#### THE PROBLEM:
Only some lines are wanted: please transcribe exactly those from the one containing "特色与新年的双重a特色,统统都不吃喝-搜狐放过美食美食东北图片图片" through the end of the data, pictures excluded.

#### SOURCE DATA:
--- START ---

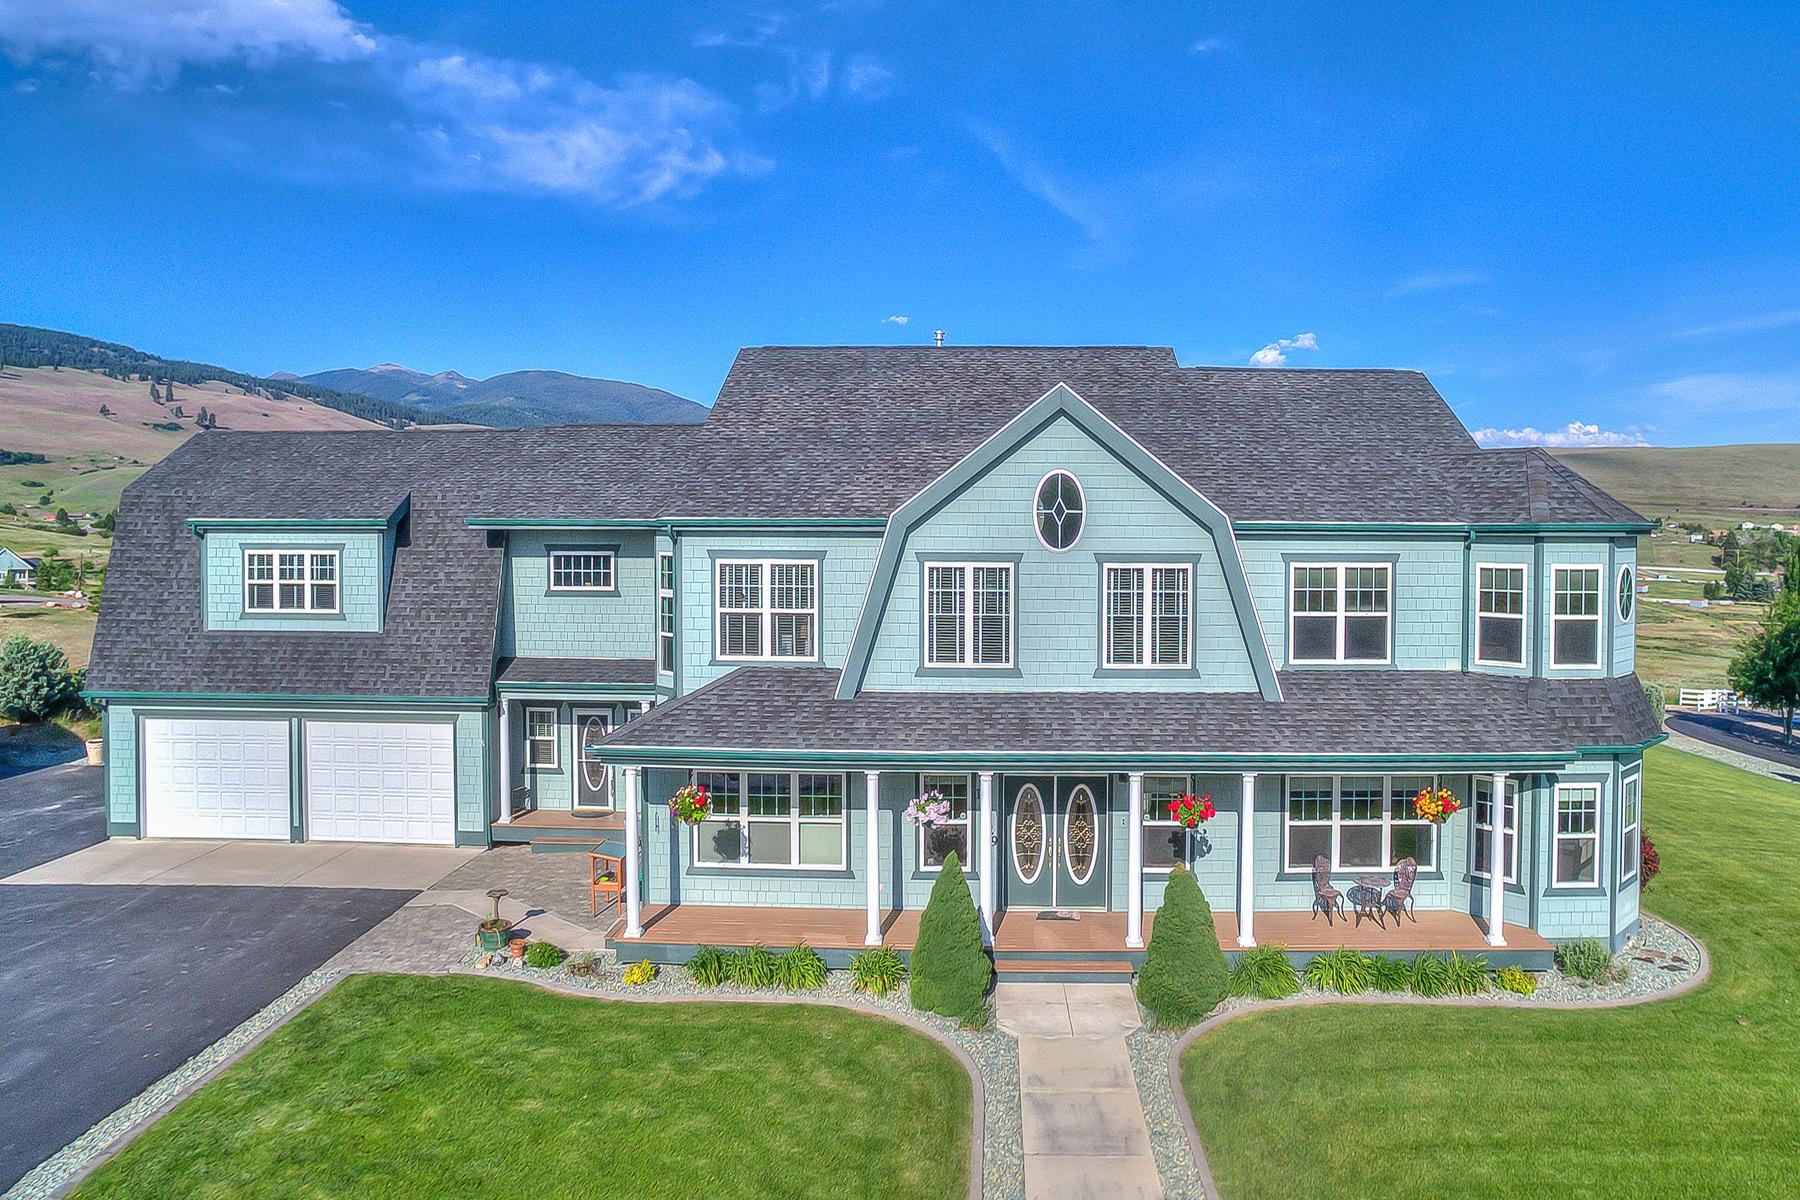 Maison unifamiliale pour l Vente à 11329 Tookie Trek Missoula, Montana 59808 États-Unis
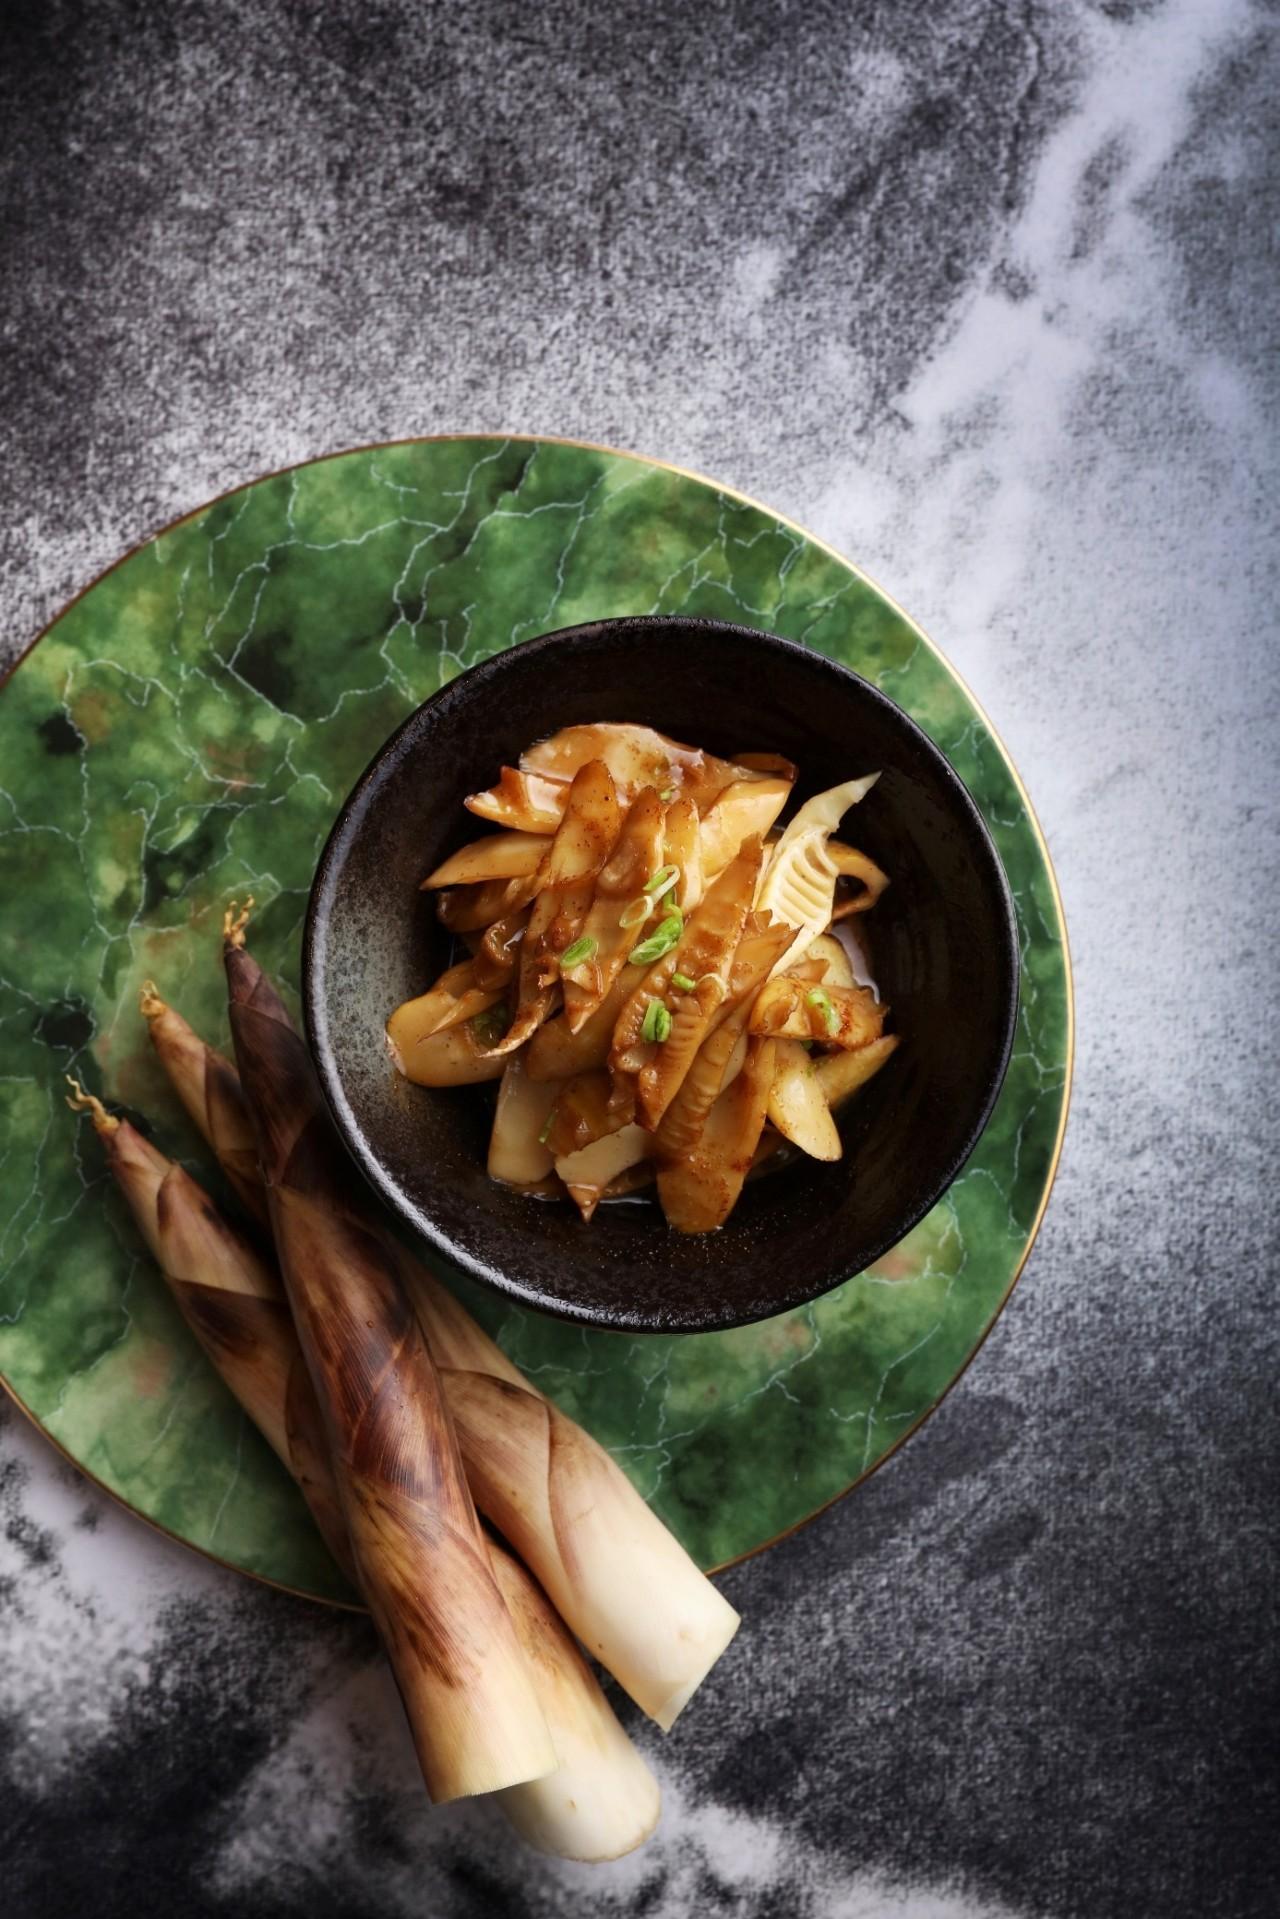 特色与新年的双重a特色,统统都不吃喝-搜狐放过美食美食东北图片图片
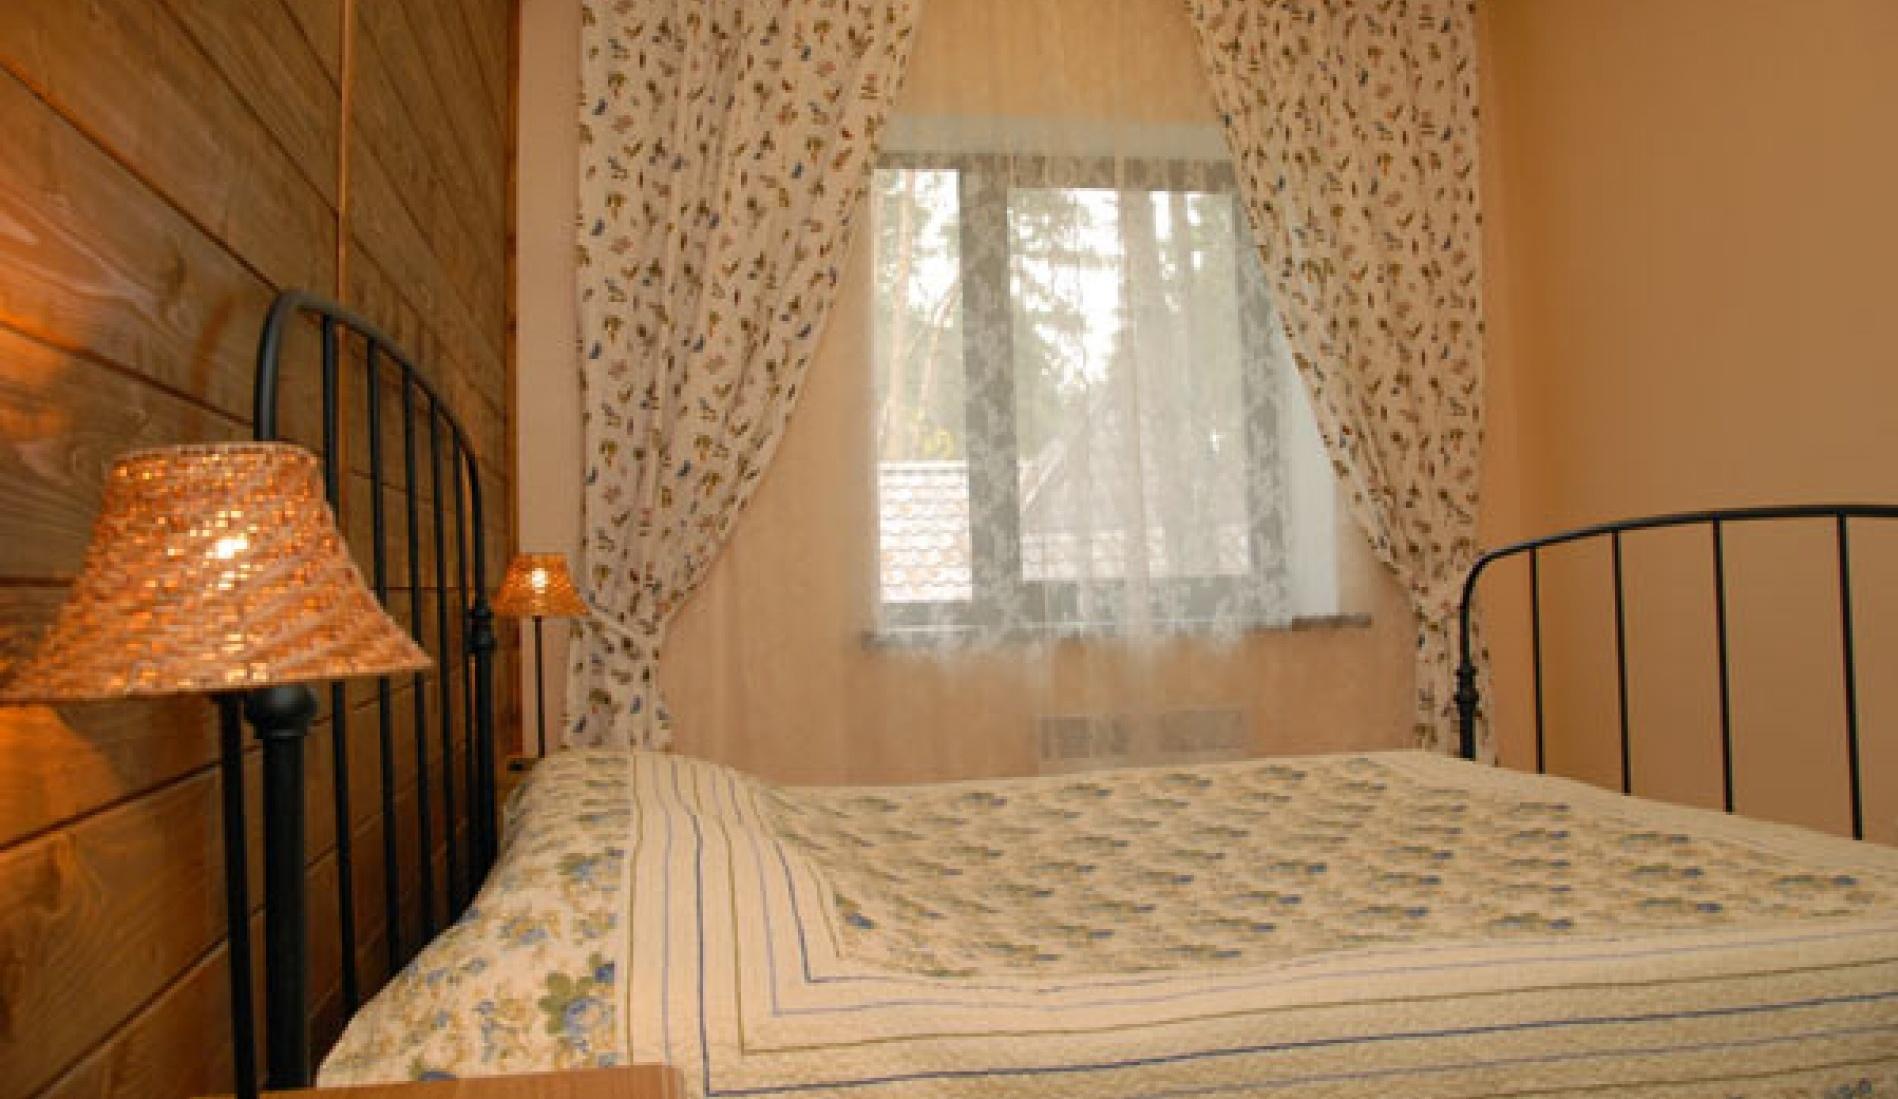 Гостиничный комплекс «Две реки» Белгородская область Номер 4-местный в корпусе «Медовый», фото 1

--- END ---

#### ANSWER TO THIS TASK:
 特色与新年的双重a特色,统统都不吃喝-搜狐放过美食美食东北图片图片
 Гостиничный комплекс «Две реки» Белгородская область Номер 4-местный в корпусе «Медовый», фото 1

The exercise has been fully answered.